Can Mergers Between Semiconductor Companies Help Consumers?

There is not a lot of room for semiconductor companies to merge in the North American market. A lot of it is dominated by Intel and AMD, and Intel has been the giant in the room for a long time. However, there are many niche makers that could merge with one another or the larger players. Mergers are always possible on the international stage as well.

Mergers between the right companies in the semiconductor sector can actually prove rather beneficial to consumers. Manufacturers that get big enough to have the resources to design new and improved chips and then make enough of them to achieve market-friendly costs mean that consumer electronics wind up getting increasingly powerful while remaining affordable. In many cases, they even deliver better performance than ever while using less power, as energy efficiency and power consumption matter to many consumers more and more, whether it’s out of a desire to save money, concern for the environment, or both.

Can Semiconductor Mergers Actually Hurt Consumers?

It is possible for consumers to be hurt by mergers. If there are not many players on the field, there is less competition. That means fewer choices and higher prices most of the time. AMD has had a fan base for years as being a maker that comes up with things that offer far more bang for the buck than what you can get from Intel. However, Intel’s size alone means it can leverage almost everything about the market to its advantage, including market dominance and higher price points to keep its profits up. That’s not to say Intel’s chips aren’t worth the money, but AMD has struggled for a long time to grow itself past being a minor player, making it a constant source of merger rumors.
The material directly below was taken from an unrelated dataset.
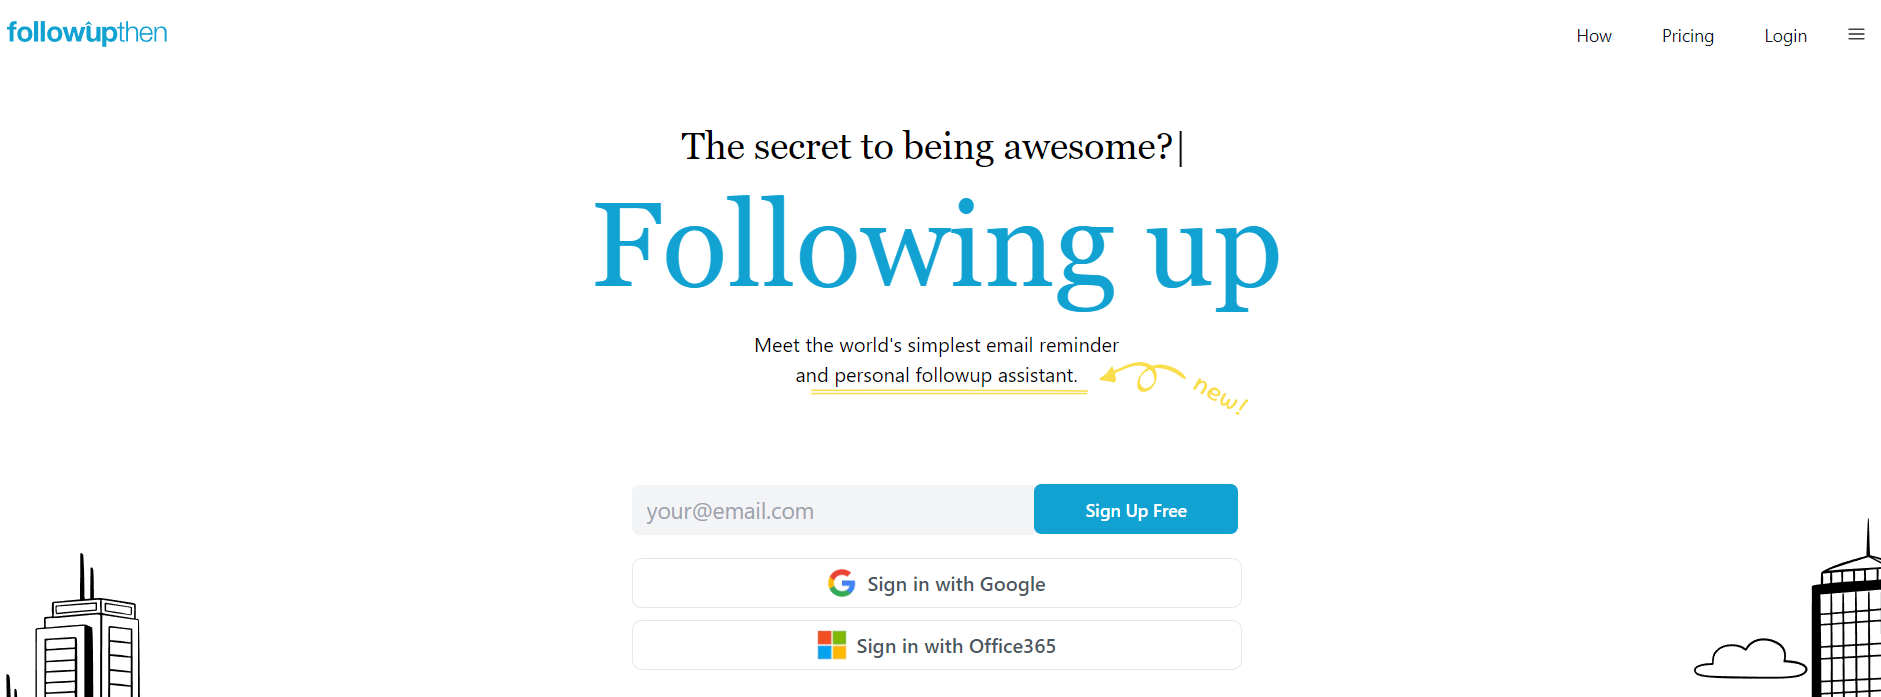 FollowUpThen for email marketing

As mentioned before, semiconductors are in nearly everything these days. Used widely in almost all things that have computers or electronics, these pieces of hardware are essential to the technology that makes the modern world possible. Semiconductor mergers between manufacturers can always create ripple effects across the economy. It is a possibility for some to profit off of if they are in a position to do so in advance, but it’s also something that can cost consumers drastically in many different ways.